RECORDED DATA:
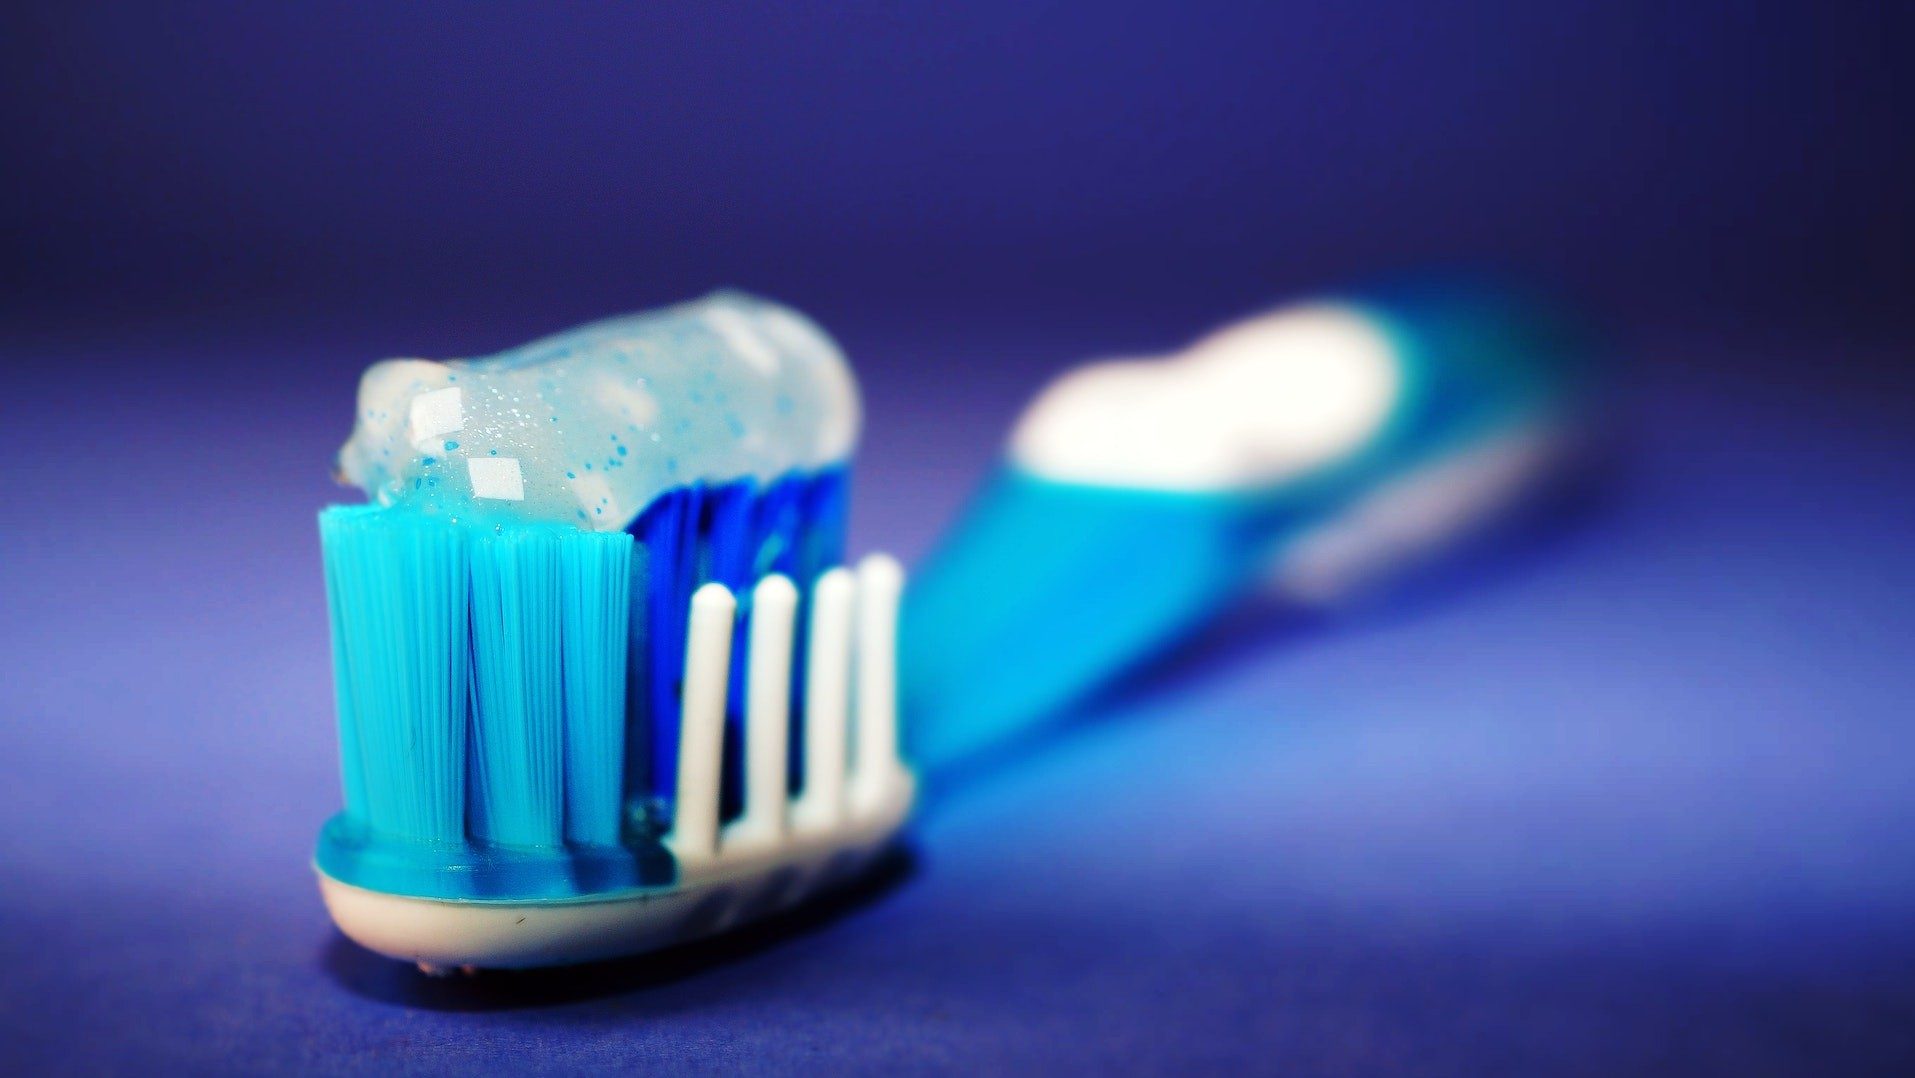 Gut für die Mundhygiene: Nahaufnahme von Zahnpasta auf einer Zahnbürste
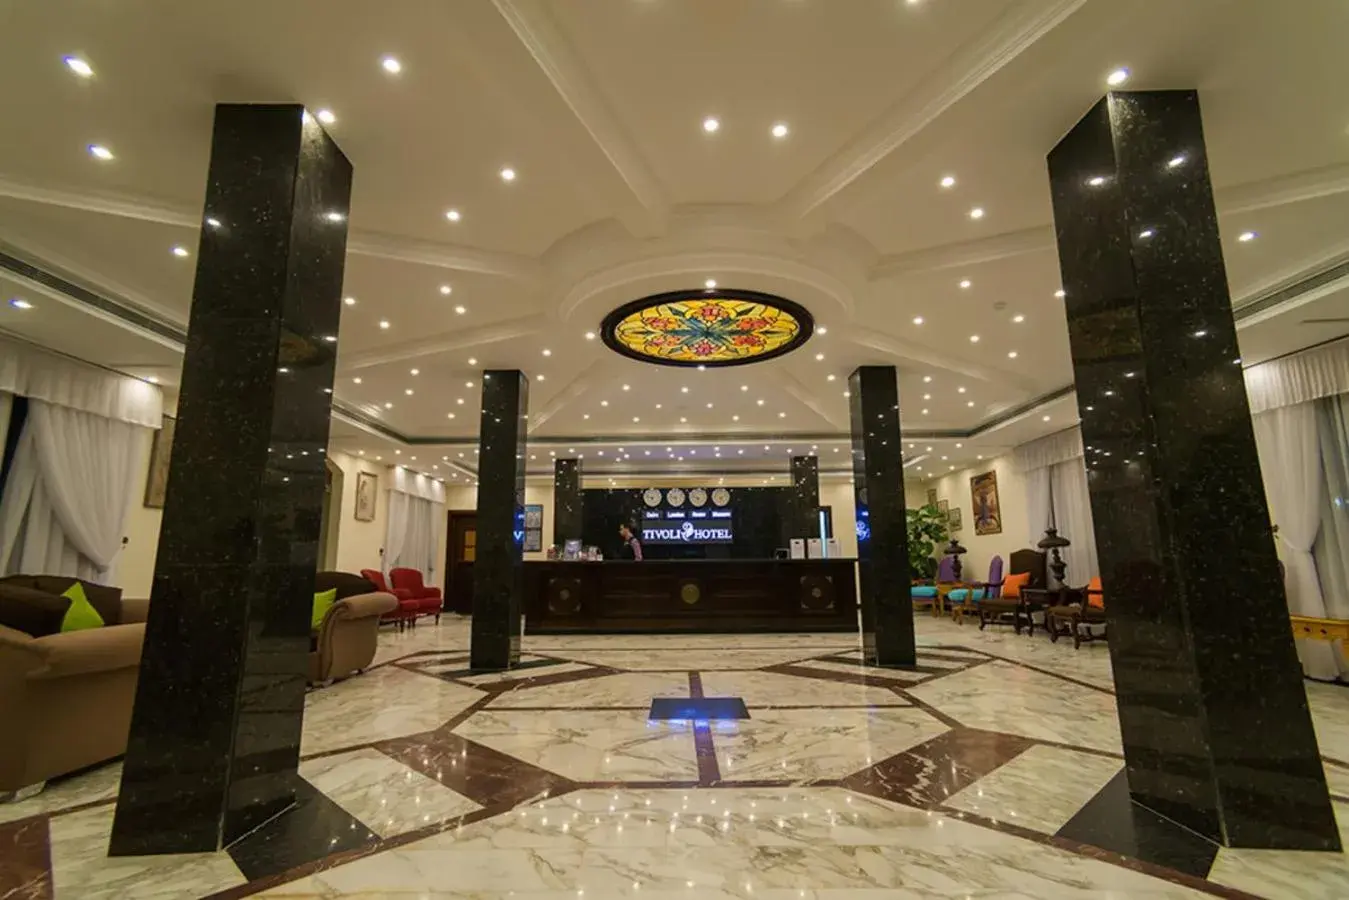 Lobby or reception in Tivoli Hotel Aqua Park
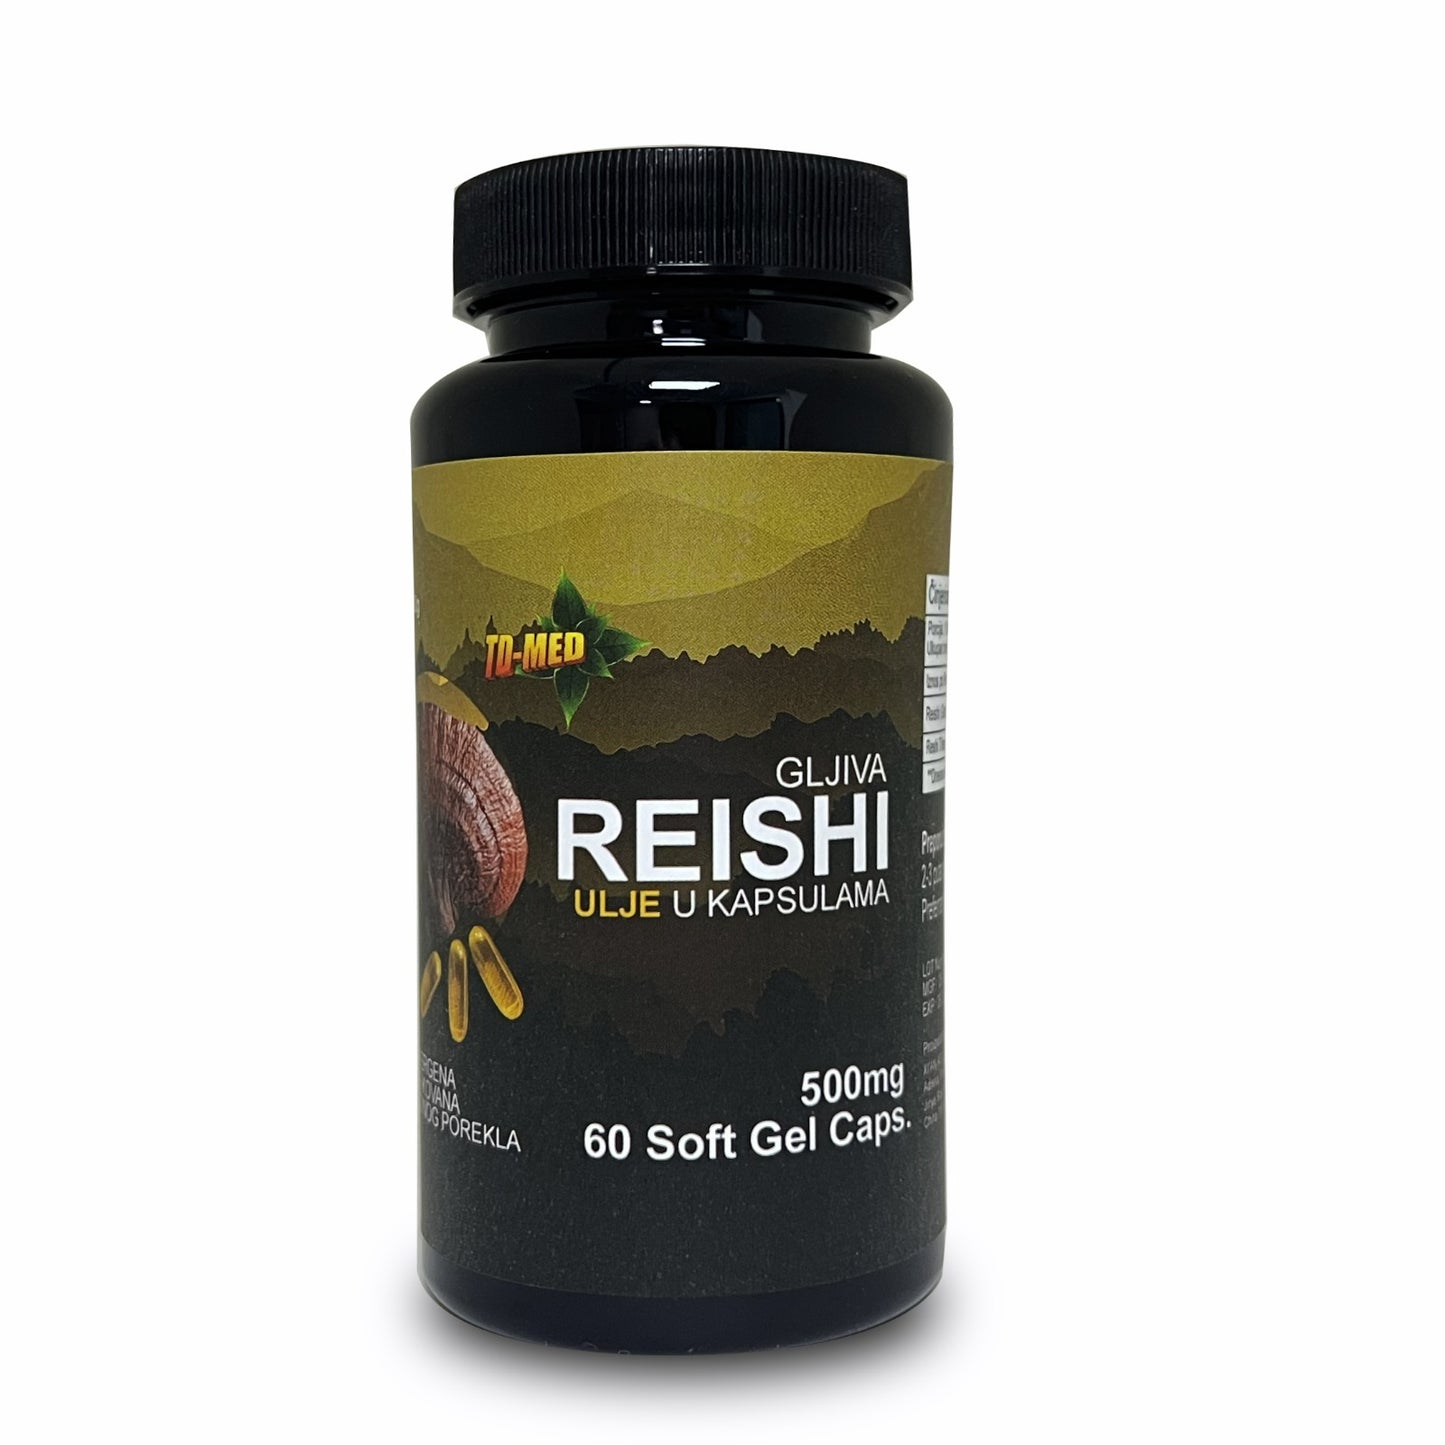 REISHI-Ganoderma Oil 60 caps-Original 500mg
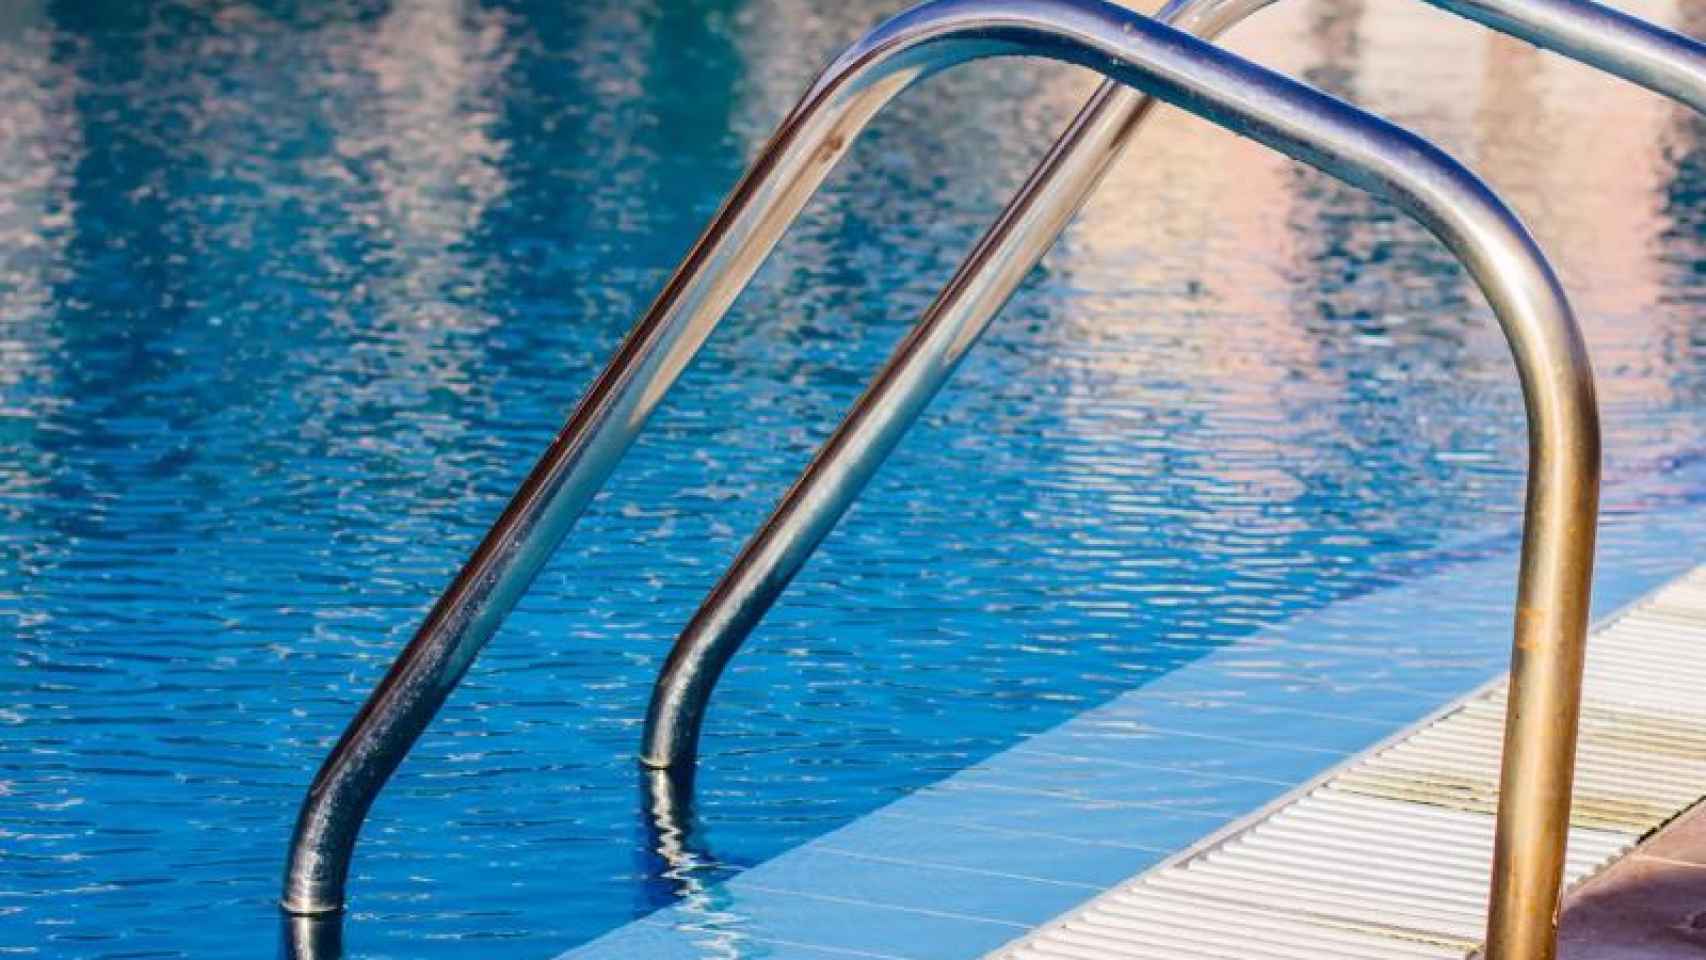 Permanece grave la mujer que sufrió una ahogamiento en la piscina de Azuqueca

TASK TO CARRY OUT: The data above must be written out again word for word, without its pictures.

ANSWER SPACE:
 Gut für die Mundhygiene: Nahaufnahme von Zahnpasta auf einer Zahnbürste
 Lobby or reception in Tivoli Hotel Aqua Park
 REISHI-Ganoderma Oil 60 caps-Original 500mg
 Permanece grave la mujer que sufrió una ahogamiento en la piscina de Azuqueca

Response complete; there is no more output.